Cuestión esencial es, por una parte, prevenir la exclusión y para lograr este objetivo es necesario garantizar unos ingresos mínimos a todas las familias en riesgo y, por otra, atender a los tres grandes retos del siglo XXI: sostenibilidad medioambiental, envejecimiento de la población y migraciones. Respecto a lo primero, tenemos que lanzarnos hacia otra política energética con el consiguiente cierre de las centrales nucleares y desarrollar un programa de transición energética buscando mercados más eficientes. Respecto al envejecimiento de la población, lo que debe prevalecer es el principio de igualdad en el campo de las pensiones y mantener la equidad intergeneracional y, por otro lado, hay que garantizar desde el Estado un sistema de financiación que asegure la puesta en práctica las políticas de dependencia. Y, por último, estamos firmemente convencidos de que la migración no es una amenaza ni cultural ni económica ni social. Una de las causas por la que lamentablemente ha triunfado el Brexit en Gran Bretaña ha sido, como casi siempre pasa, la utilización de discursos xenófobos, la apelación demagógica a un modelo comunitarista incompatible con el proceso de globalización y el recurso fácil de aguijonear en el imaginario colectivo la falsa creencia de que sólo cerrando las fronteras ganamos en seguridad. La migración, sin duda alguna, ha de estar regulada democráticamente y tiene que estar protegida por la plena aplicación de la Declaración Universal de los Derechos Humanos.

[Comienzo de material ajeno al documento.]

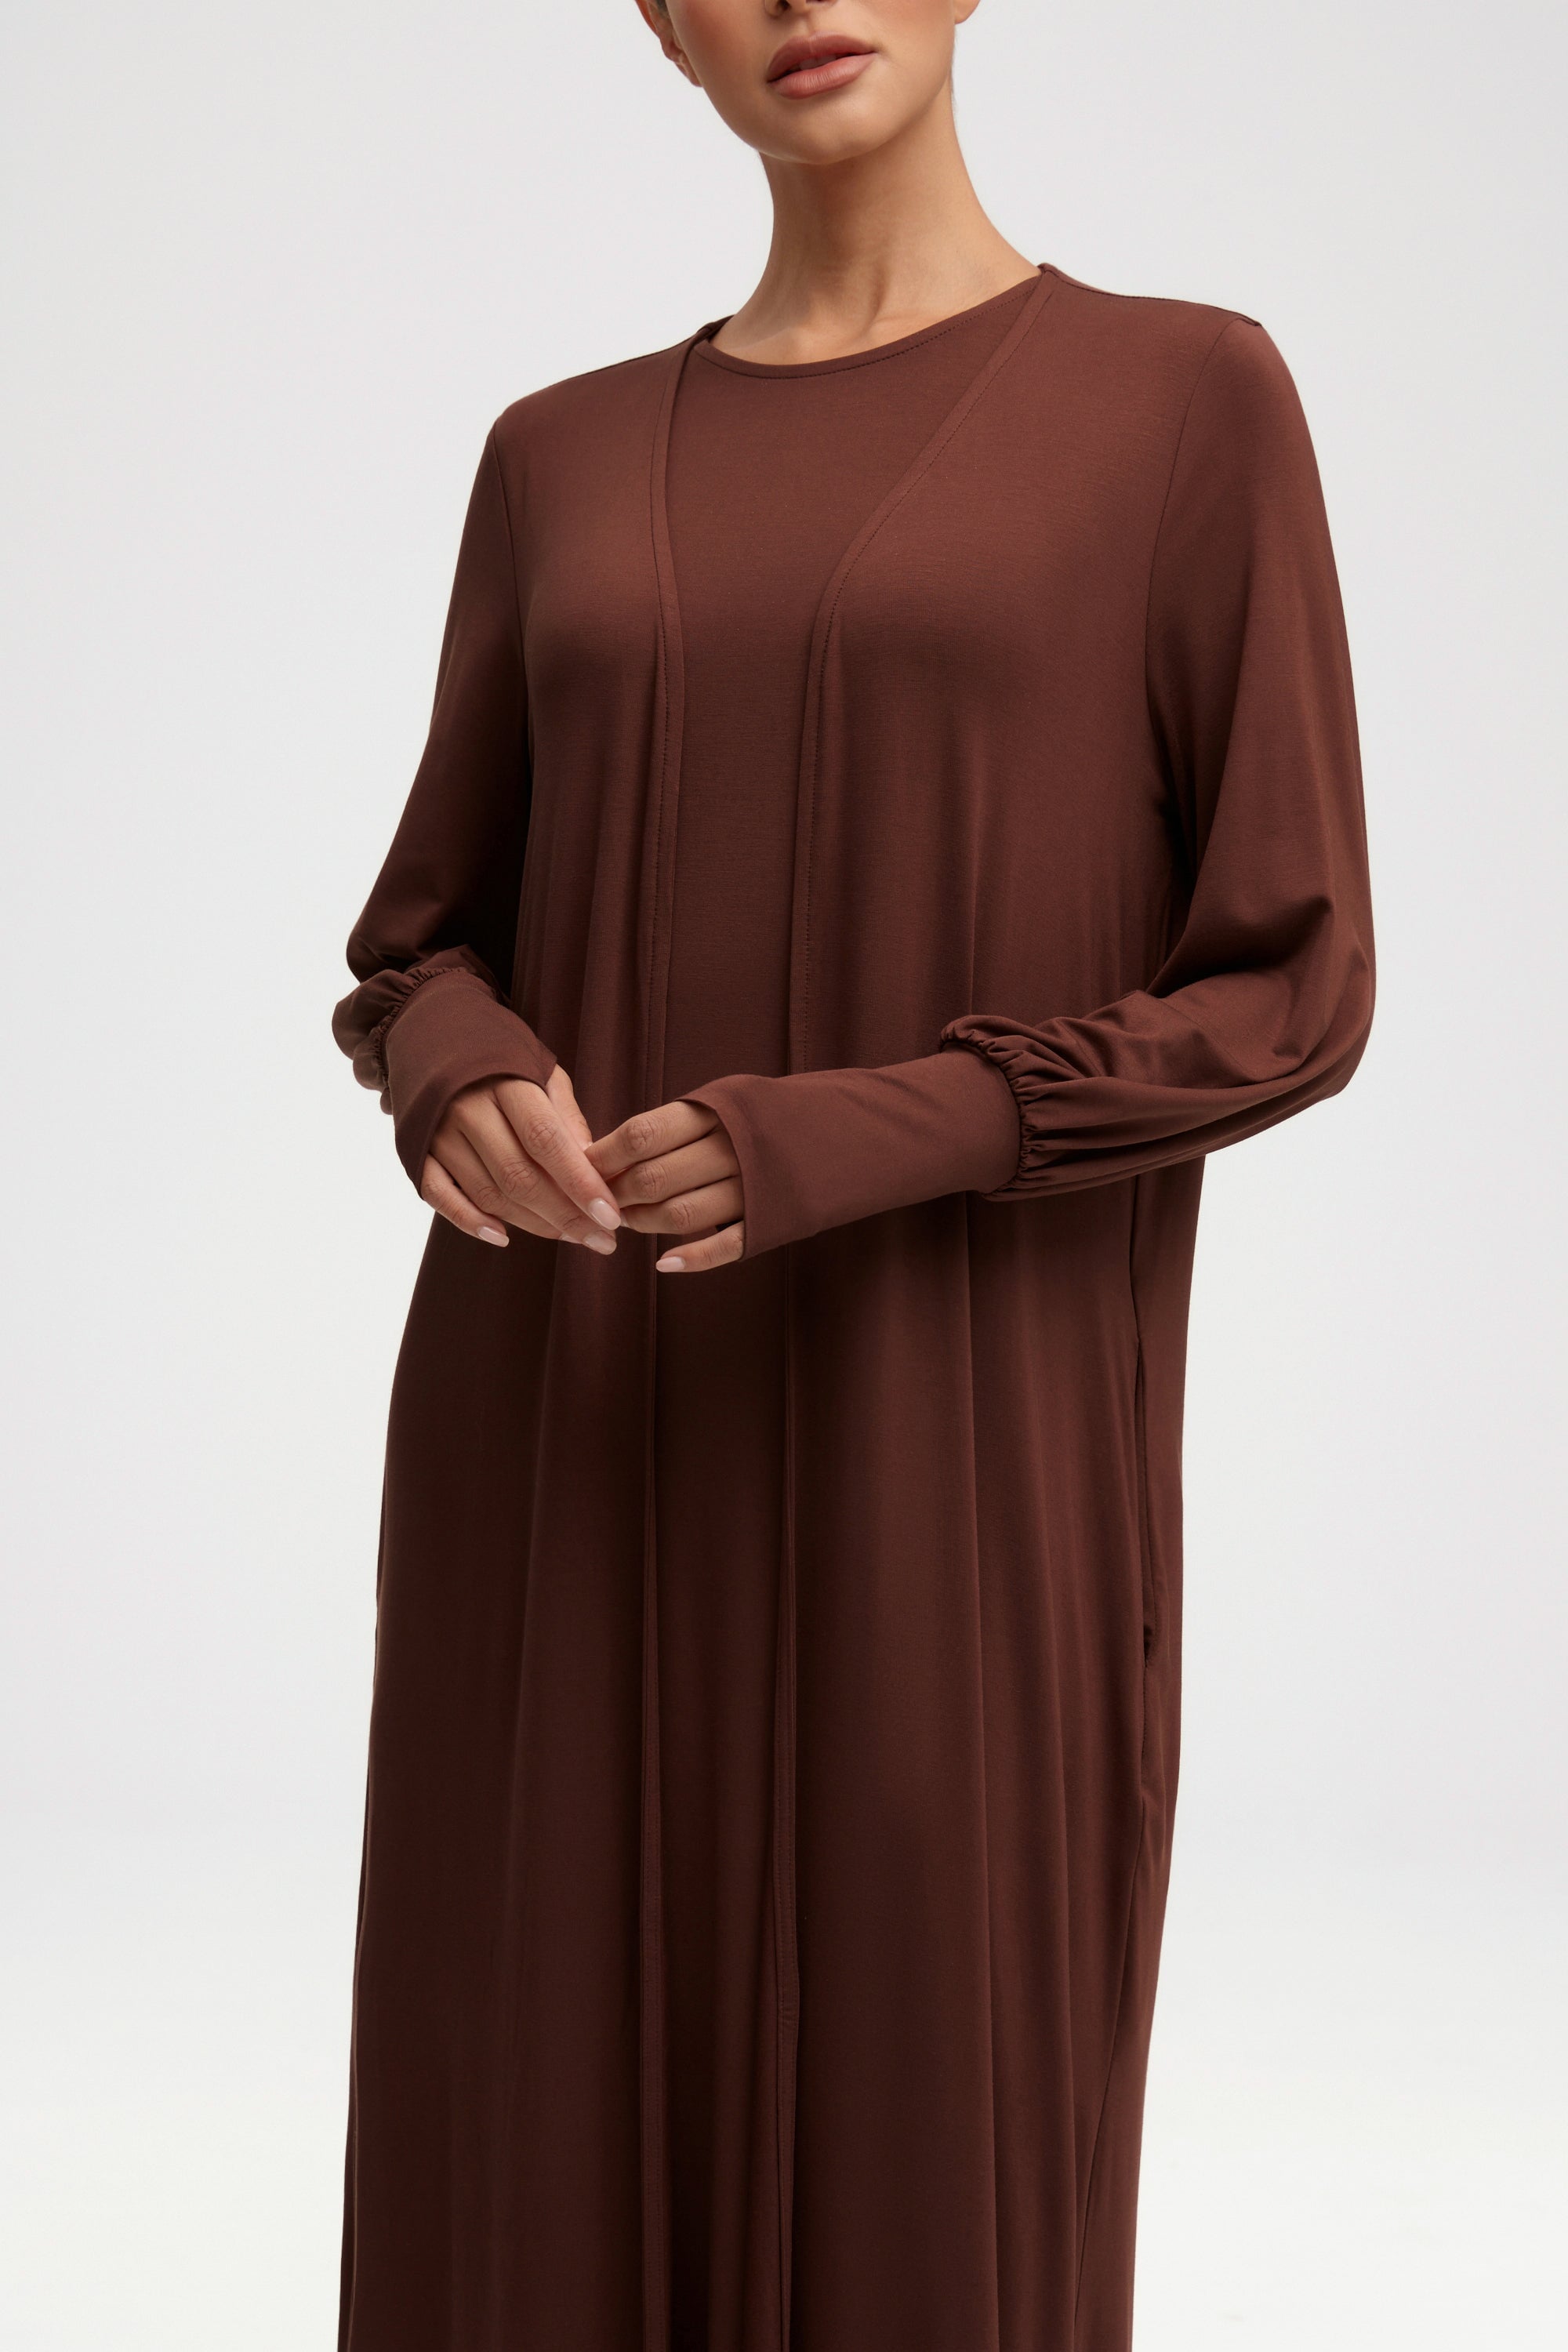 Jenin Jersey Open Abaya & Maxi Dress Set - Chocolate Clothing Veiled

Reconstrucción de la socialdemocracia: una democracia de calidad (II)

En cuanto al área externa, es decir, a la UE, hay que salir de las políticas de austeridad, lo importante no es “tranquilizar” a los mercados sino a los pueblos y, para ello, hay que darle a la UE y, especialmente, a la eurozona una nueva oportunidad. Hay que hacer que el BCE garantice las deudas públicas, de manera que todos los países puedan financiarse a un tipo sin riesgo (al 2% en 10 años, por ejemplo). El BCE tiene que poder comprar deuda pública a fin de mantener un tipo de interés bajo, como hace la Reserva Federal estadounidense. Además de las medidas que señalamos en el apartado sobre Europa atendiendo a las razones de Piketty, es insoslayable construir un auténtico presupuesto europeo con un impuesto sobre las transacciones financieras y una fiscalidad ecológica, con el fin de organizar las transferencias de recursos necesarios para la convergencia de las economías reales. Hay que establecer una Europa social, retomar la denominada Carta Social Europea con el objetivo de consolidar entre los pueblos europeos un proyecto de integración común. Pensamos que debemos elaborar un nuevo Tratado para la coordinación de las políticas económicas de los países de la UE. Esto significaría que realmente queremos llegar a una convergencia real de las economías, de empleo y de transición ecológica. Europa se consolida si somos capaces de aproximarnos en las políticas presupuestarias, fiscales, sociales y salariales, con el fin de acercar a los países a unos estándares básicos de bienestar.

_________________Mario Salvatierra, miembro del comité federal del PSOE; Enrique Cascallana, ex alcalde de Alcorcón y ex senador; Juan Antonio Barrio, ex diputado nacional, y José Quintana, ex alcalde de Fuenlabrada y actualmente diputado en la Asamblea de Madrid.